Agricultural reform in Switzerland has driven down farmers' income to a level that is almost unacceptable, admits the Federal Agriculture Office.This content was published on November 22, 2005 - 15:45
But in a new report to the government, the office says that productivity has risen and respect for the environment has improved.
"It would be wrong to pretend that reforms haven't changed farmers' lives," said the head of the office, Manfred Bötsch on Tuesday in Bern.
"The large gap between their income and that of other parts of the population is still there."
For Bötsch, these reforms have reached the limits of what he believes is "socially acceptable".

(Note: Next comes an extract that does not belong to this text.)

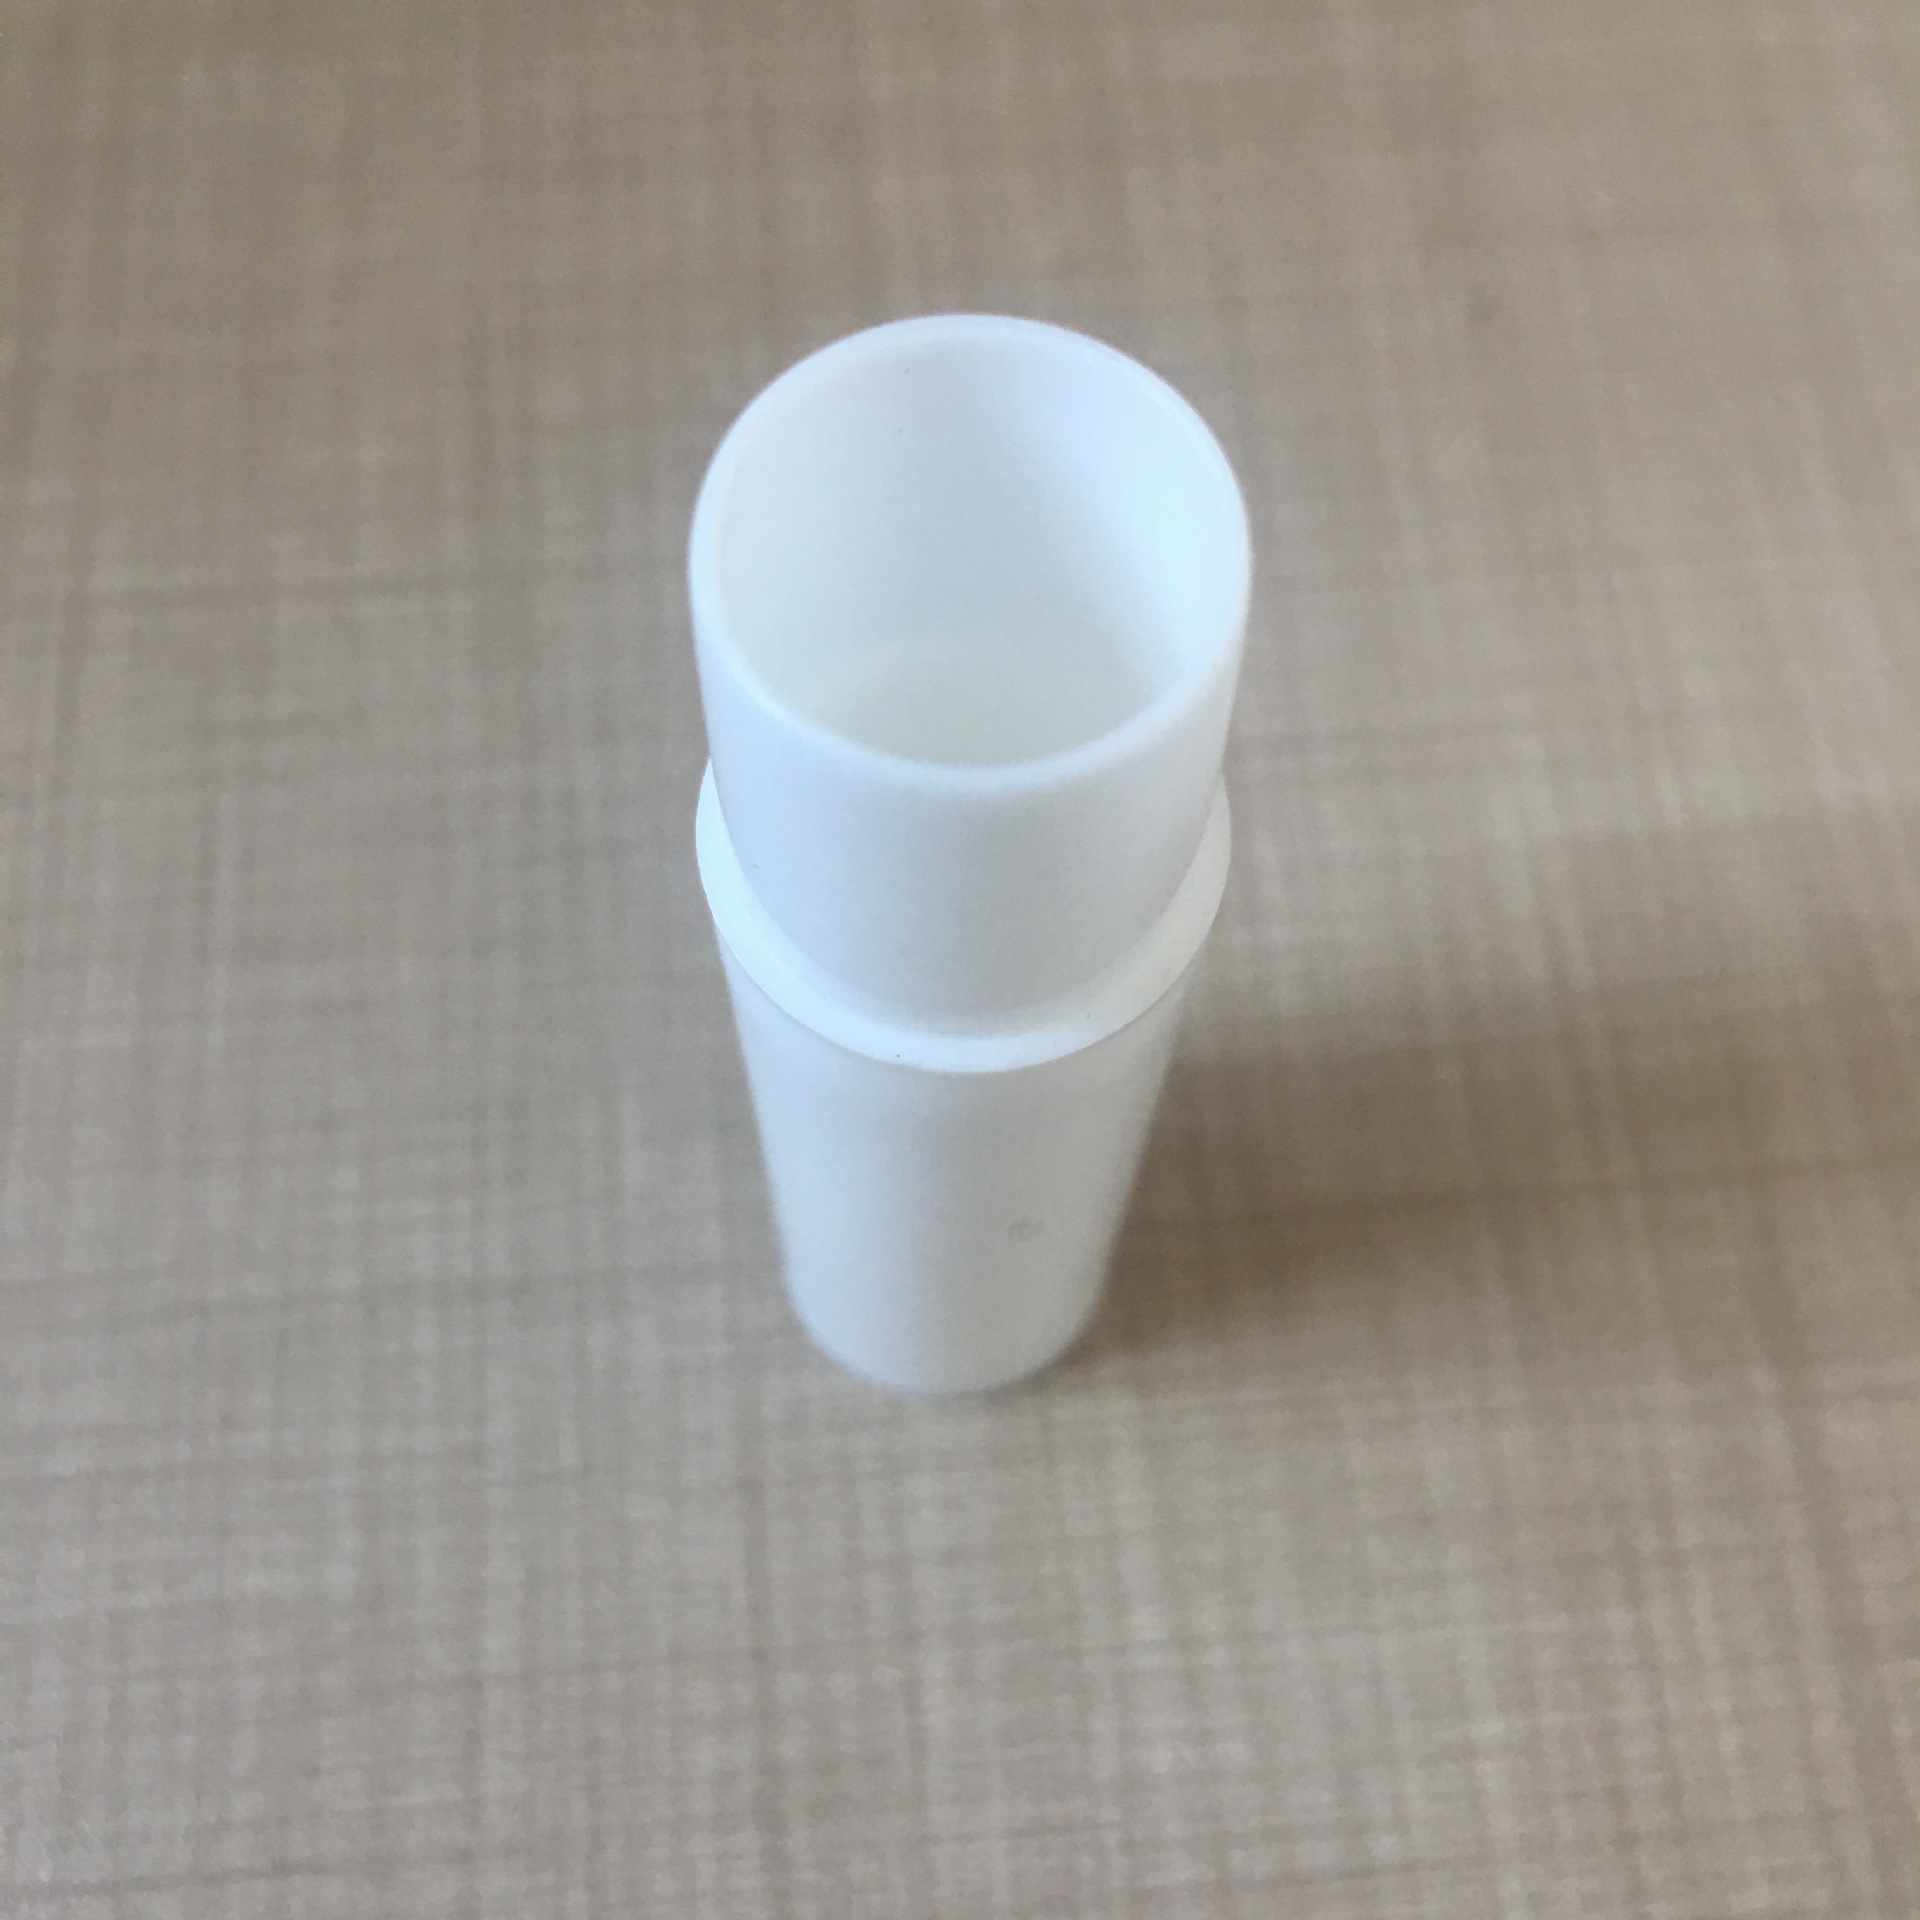 厂家直销2g药管塑料管透明塑料管医用塑料管现货供应示例图9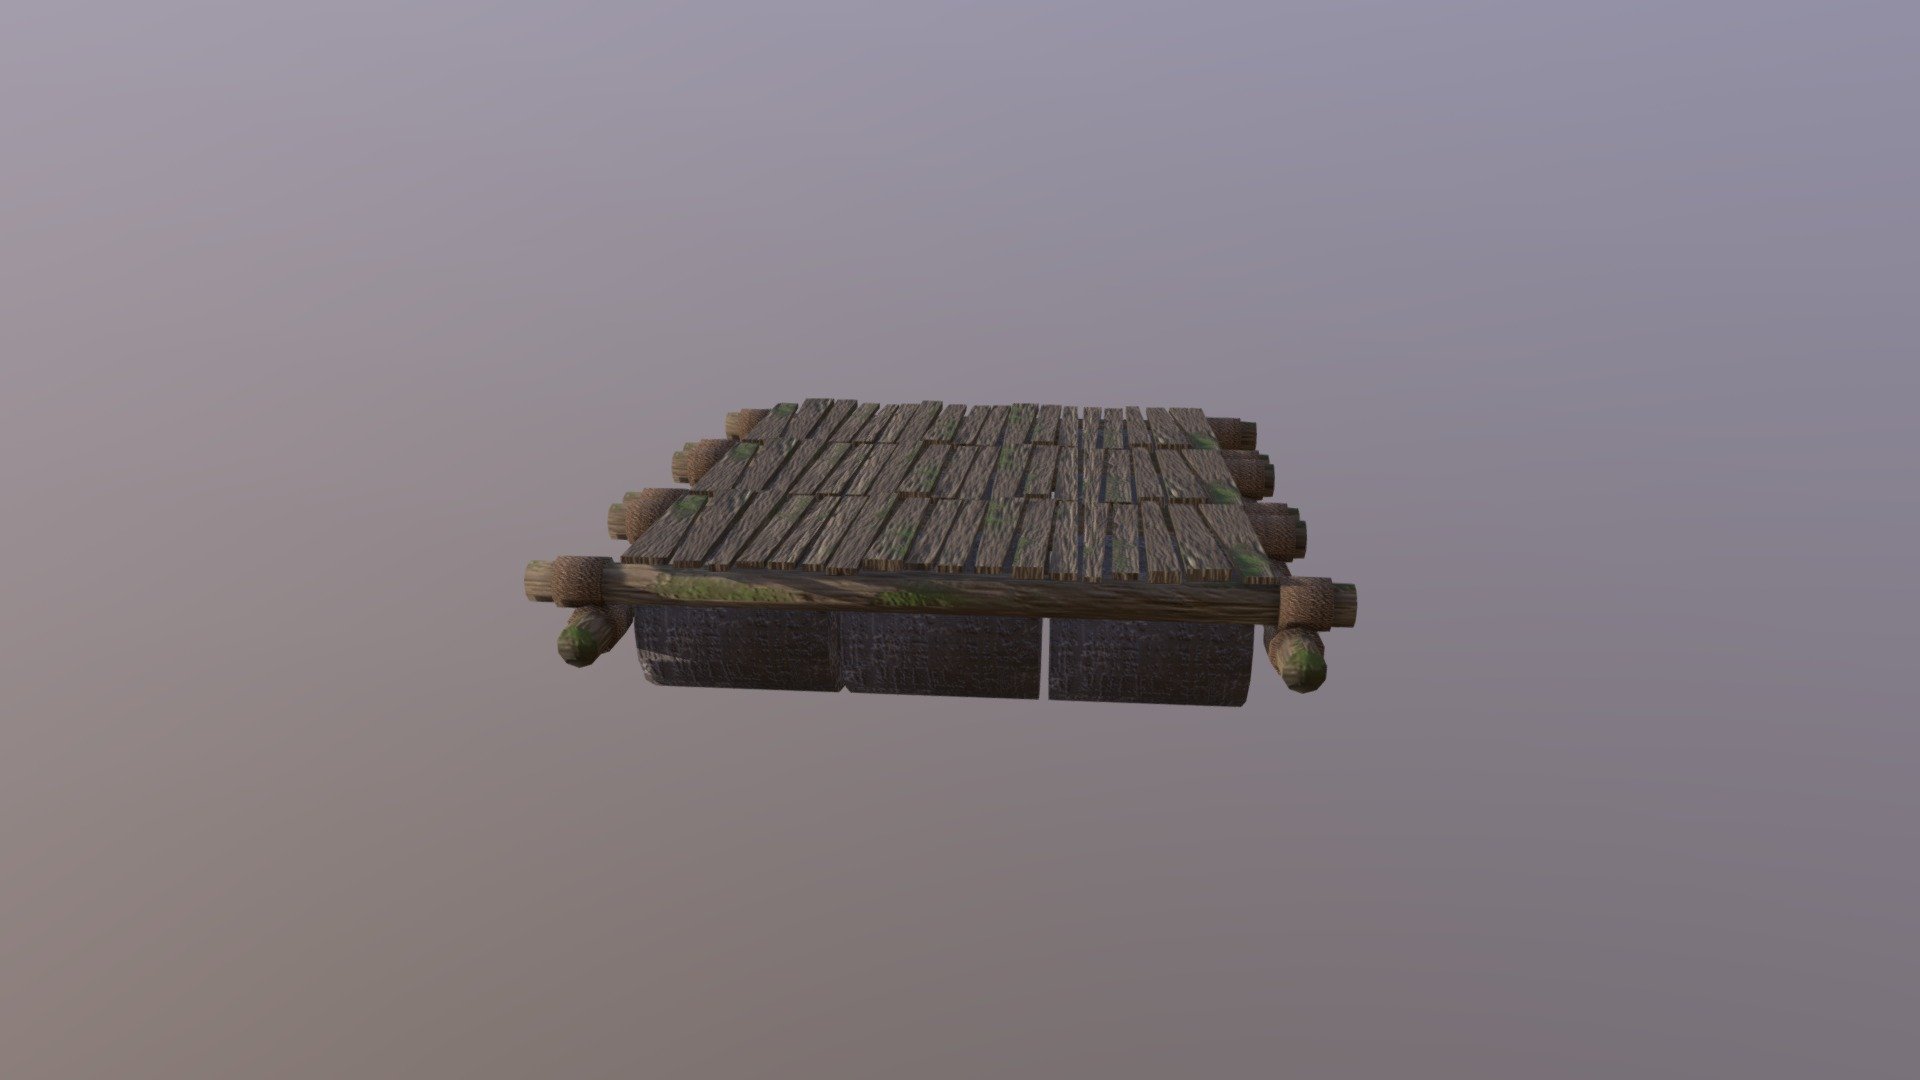 Junk Dock - 3D model by lurkhound (@bullycat) 3d model

Last year, total income for Swiss farms was SFr3.22 billion ($2.44 billion), with each concern earning on average SFr76,115. This figure does not take into account how many people are employed on a farm.
Subsidies for farming are under pressure and are regularly targeted by parliament as it seeks to cut government spending.
In 2003, these subsidies were worth over SFr3.9 billion, with nearly two thirds of the sum going straight into farmers' pockets.
Revised agricultural legislation currently being discussed should help improve farming income, guaranteeing socially acceptable development. Farms would receive a global envelope of SFr3.36 billion directly.
This figure could also be subject to revision depending on the outcome of talks at the World Trade Organization and discussions with the United States on a free-trade agreement.
There were some bright spots last year for Swiss agriculture.
Productivity continued to rise, as it has done since 1990 at an average rate of 1.4 per cent. Local production prices have also become more competitive with those abroad, even if consumers have yet to benefit, admitted Bötsch.
Farming in Switzerland is becoming more environmentally friendly. Usage of fertiliser and pesticides has dropped by 38 per cent since 1990.
But there has been no drop in energy consumption, and ecology does not necessarily rhyme with agriculture yet.
Available farming surfaces have shrunk by 2.1 per cent in the past 15 years, mainly because of urbanisation and the construction of new infrastructures.
swissinfo with agencies
There are around 65,000 farms across Switzerland, versus 80,000 15 years ago.
Every day, five of these farms cease functioning.
The average income of a Swiss farm was SFr76,115 last year.
Further agricultural reforms are particularly worrying for Swiss farmers, who feel threatened by the planned revision of the country's farm policy and a possible free-trade agreement with the US.
Around 10,000 farmers demonstrated in Bern last week to express their fears.
Their aim was to "wake up" politicians and make them realise how precarious farmers' livelihoods are.